● Task statement:
The lines you should transcribe are those from the one containing "Parks Project Yellowstone Geysers Cozy Socks" to the end of the listing below, exactly, with pictures left out.

● Exercise data:
━━━━━━━━━━━━━━━━
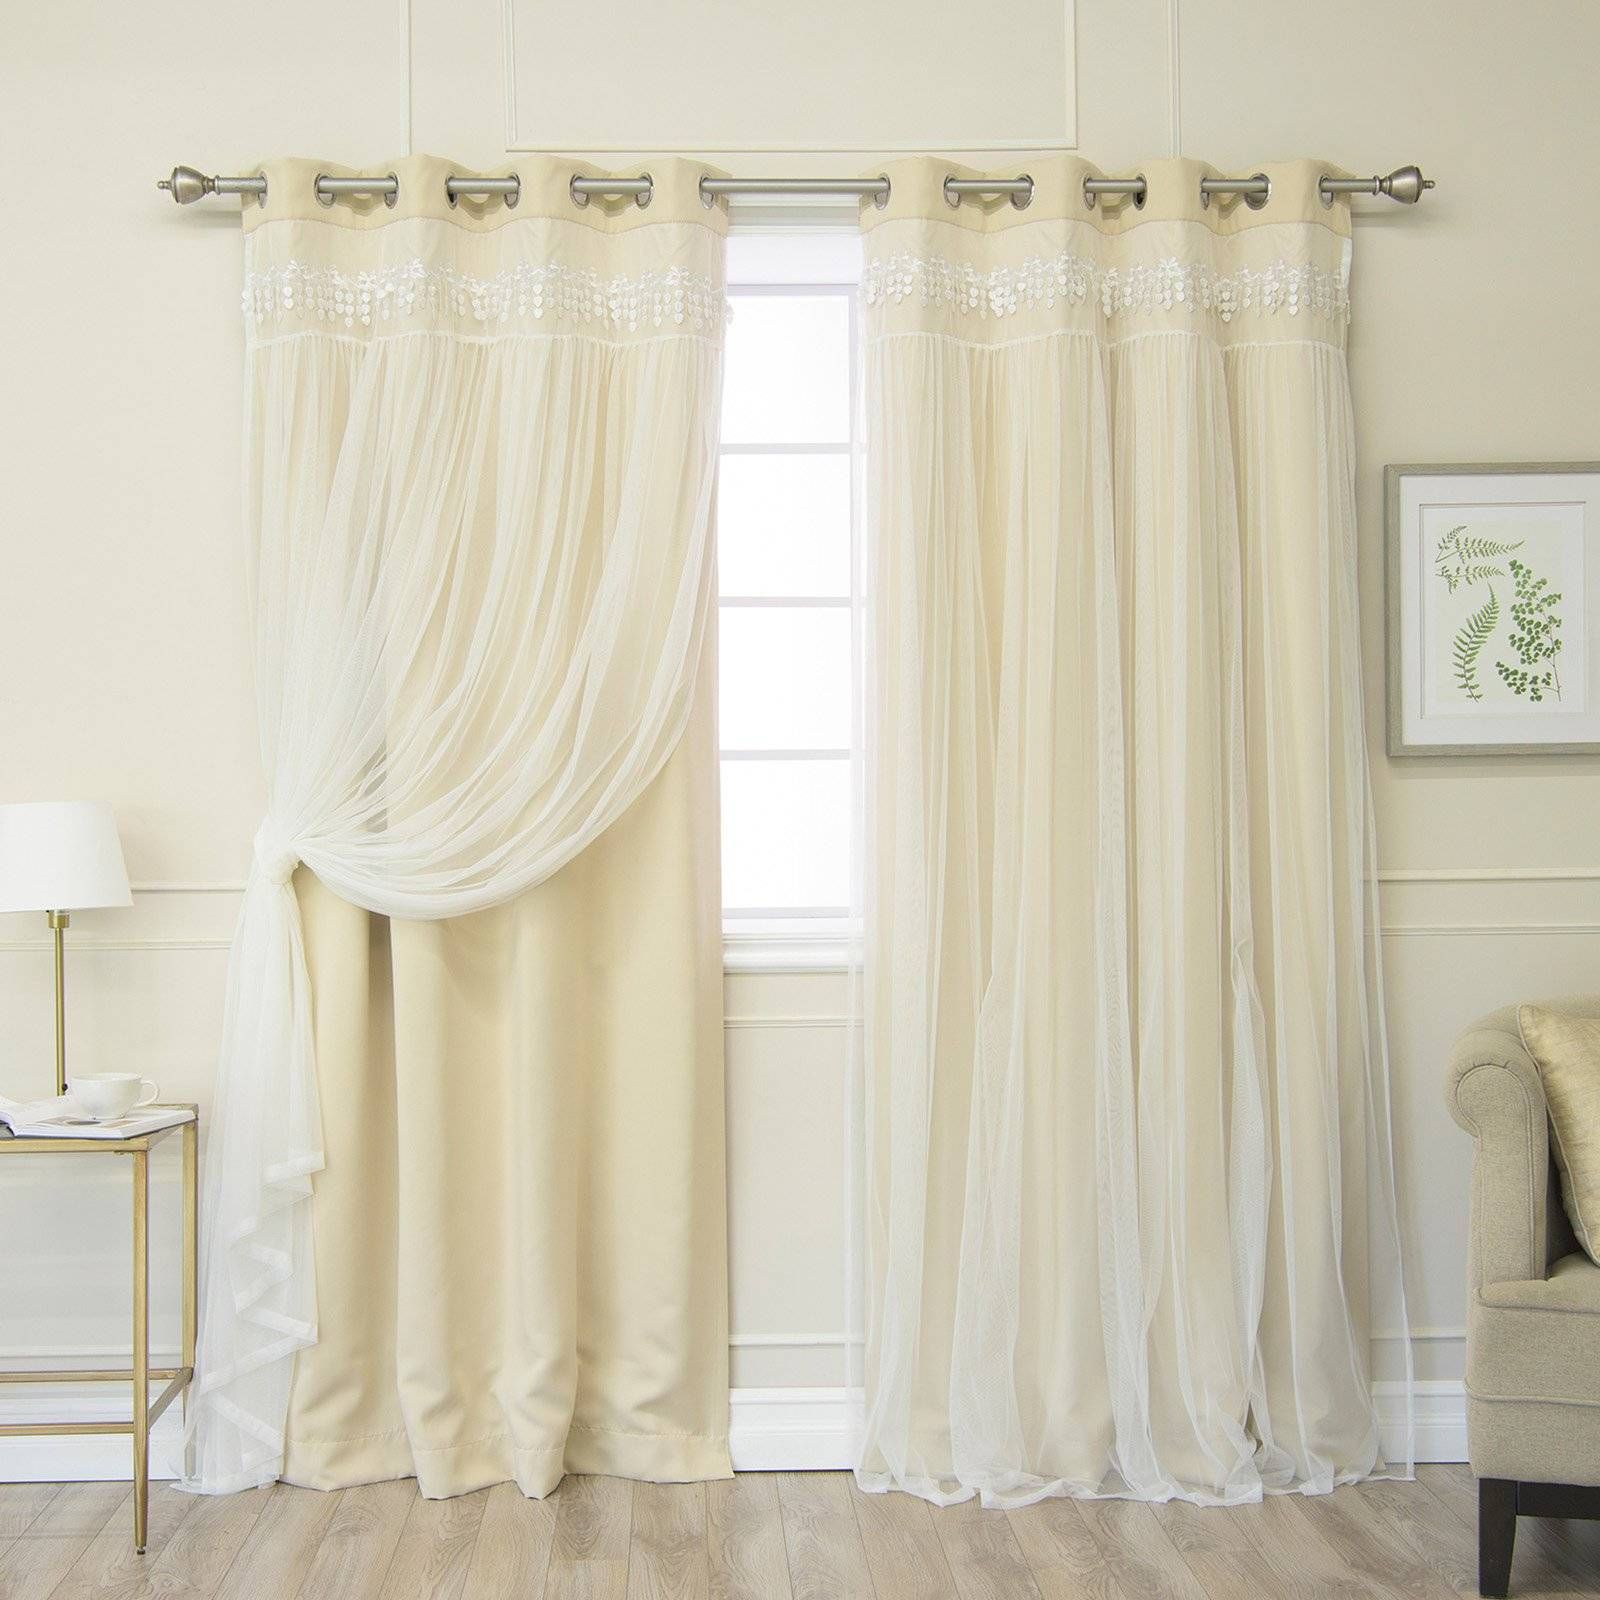 Pretty Country Lace Curtains Swags For Living Room Catalog Throughout Country Style Curtain Parts With White Daisy Lace Accent (Photo 13 of 20)
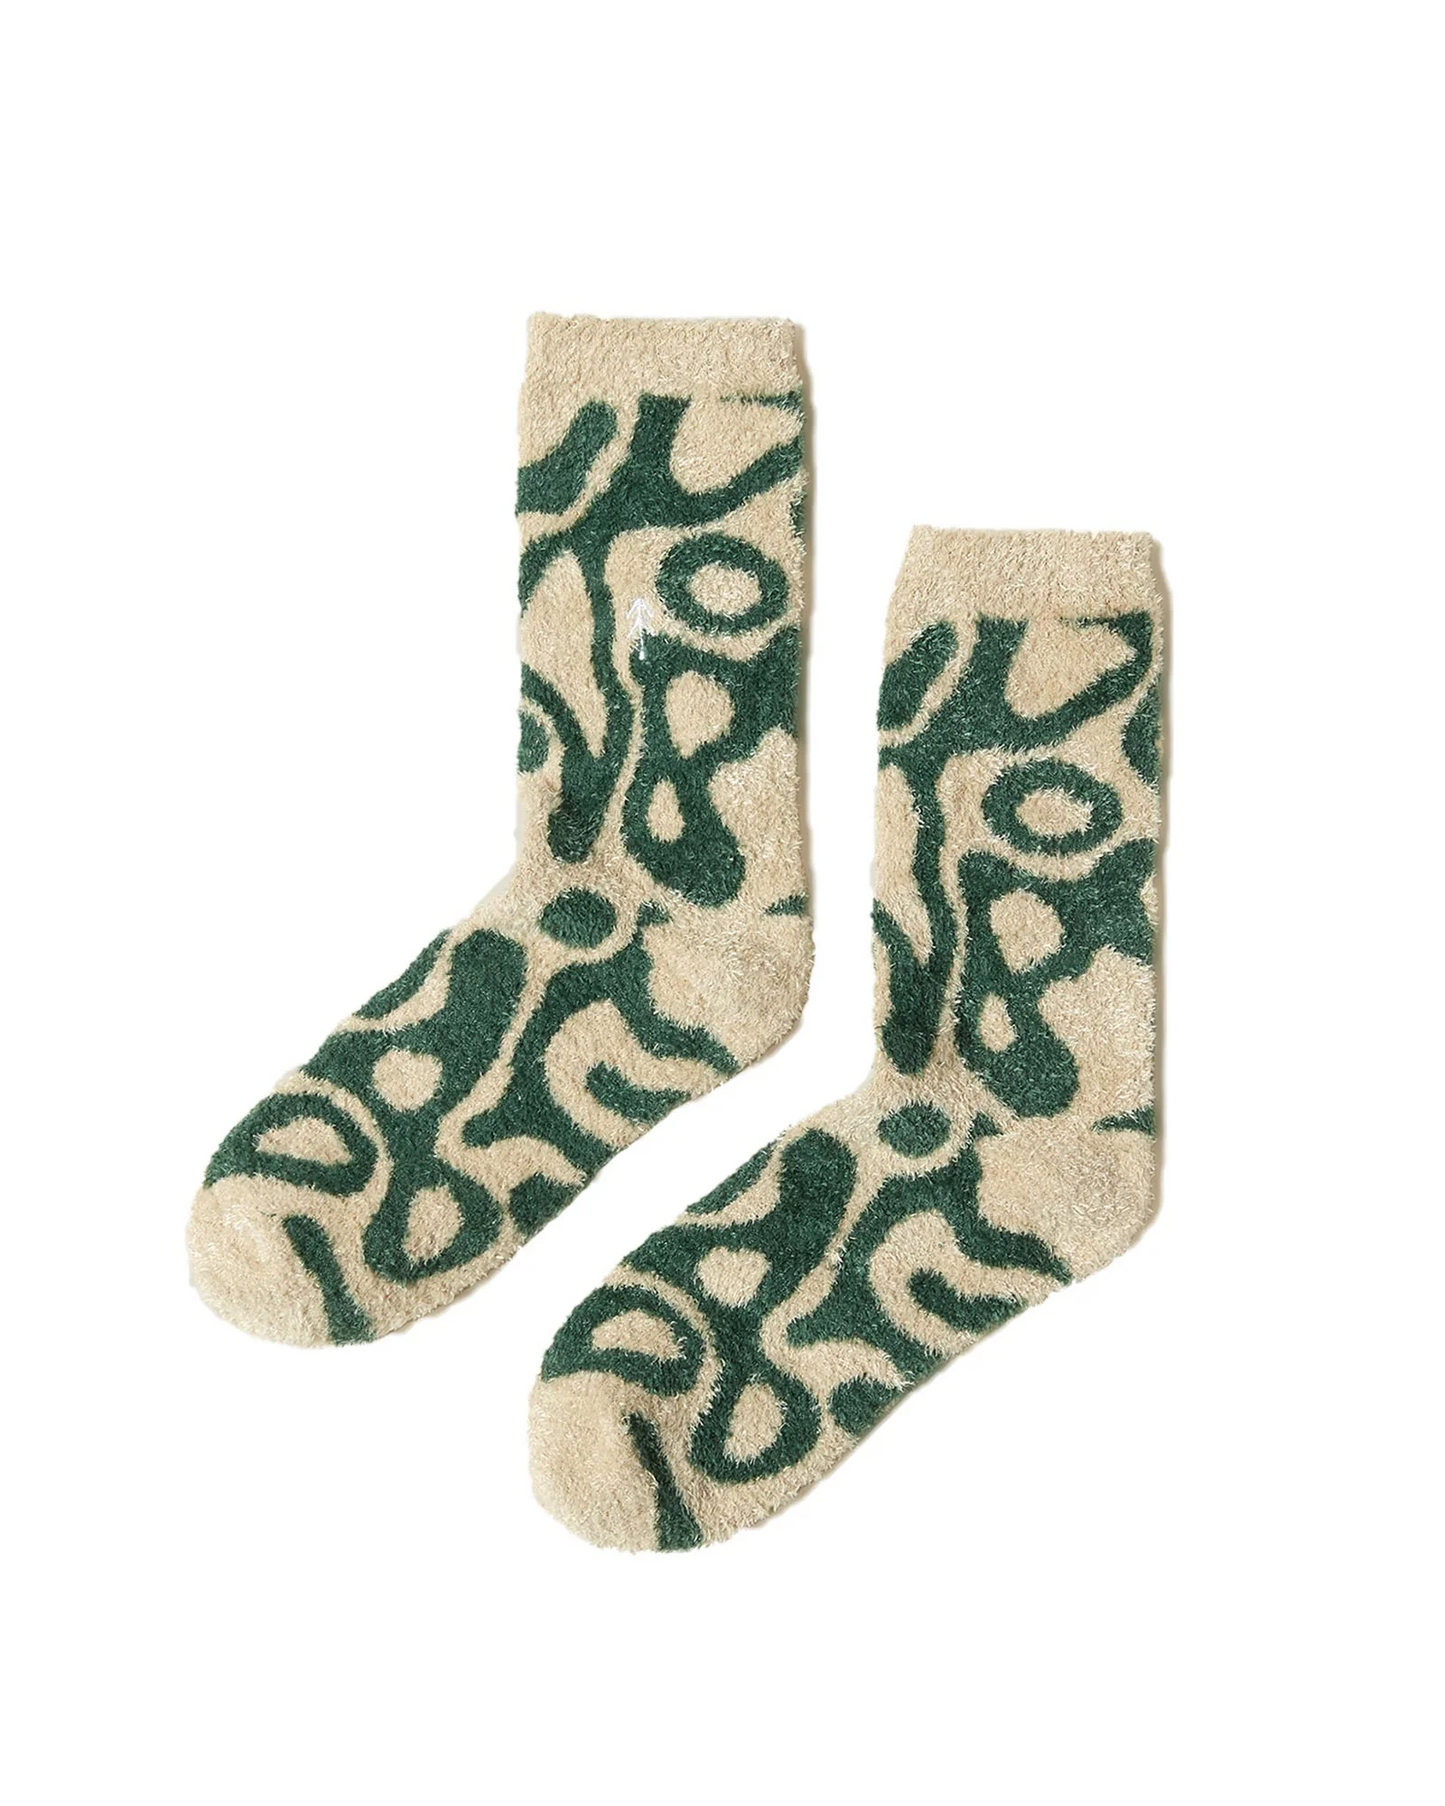 Parks Project Yellowstone Geysers Cozy Socks
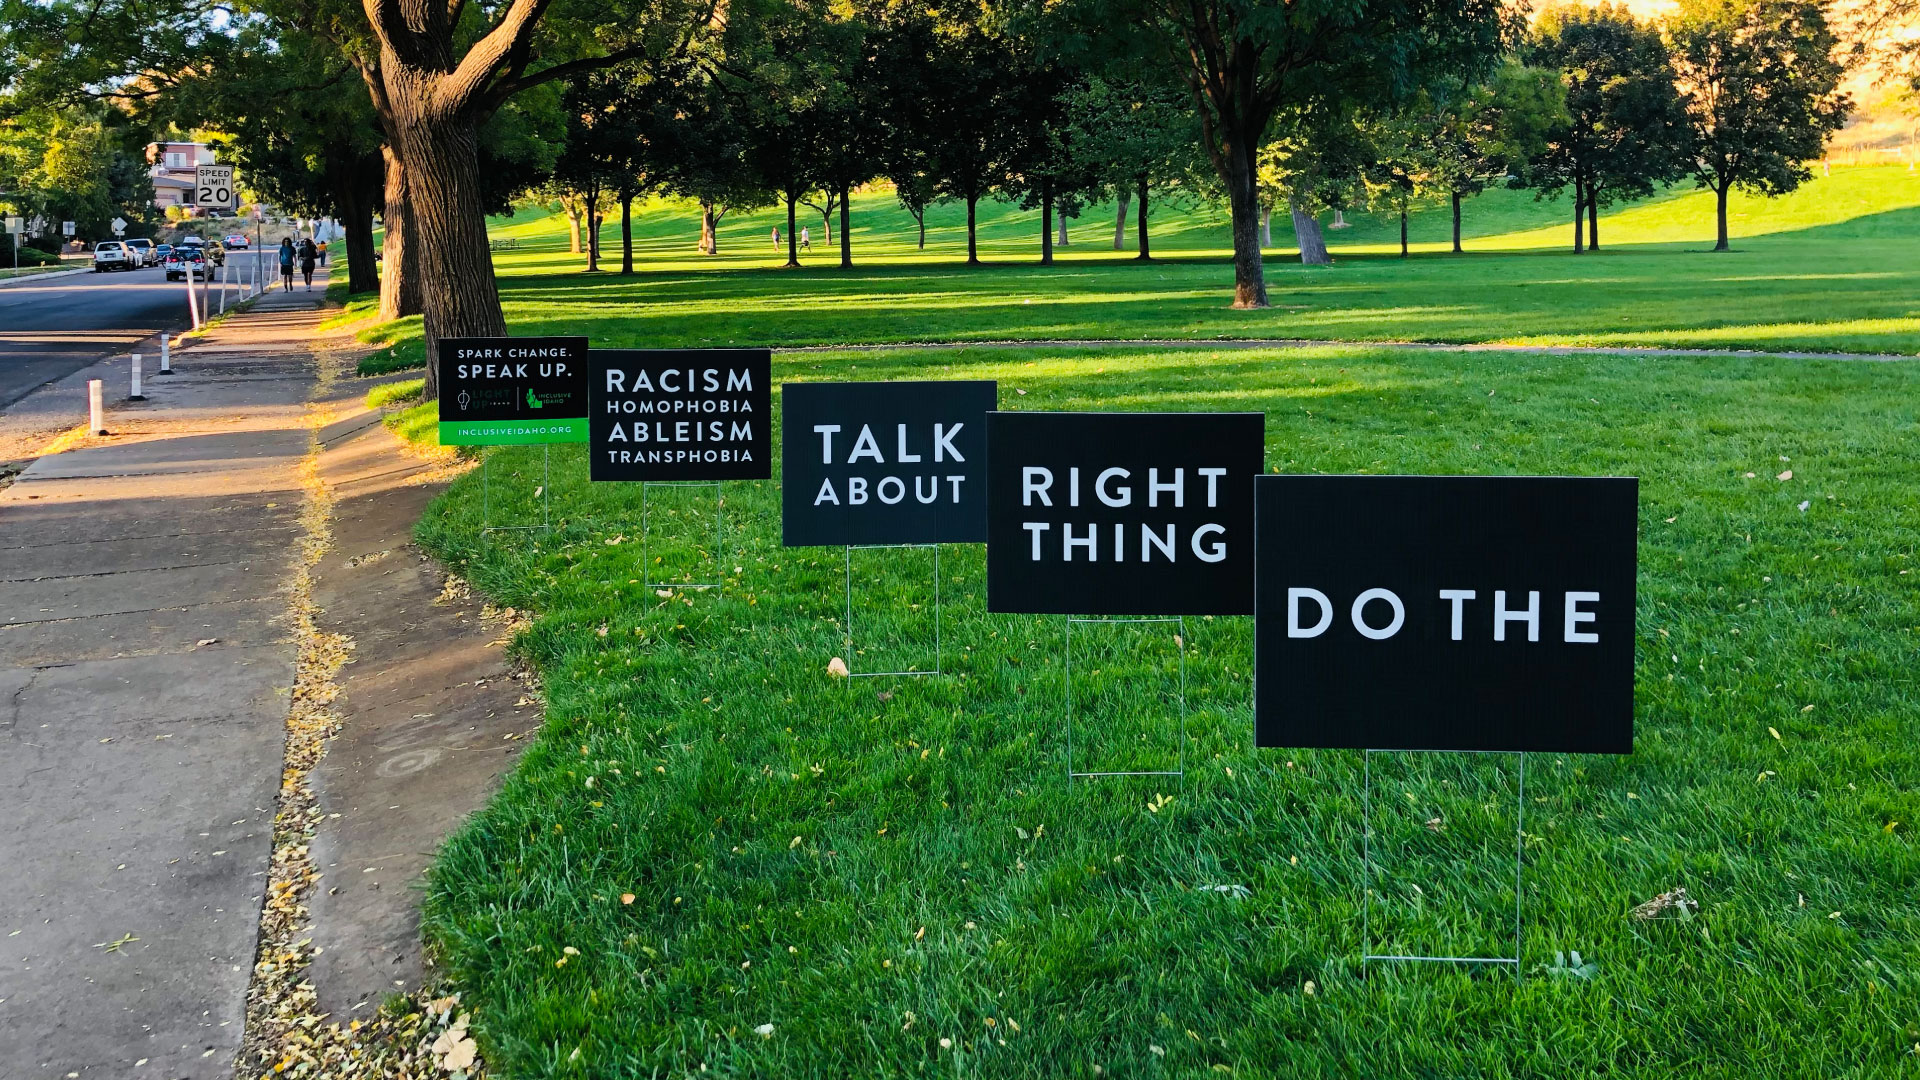 yard signs that read "do the right thing. spark change. speak up."
━━━━━━━━━━━━━━━━
● Written response:
 Parks Project Yellowstone Geysers Cozy Socks
 yard signs that read "do the right thing. spark change. speak up."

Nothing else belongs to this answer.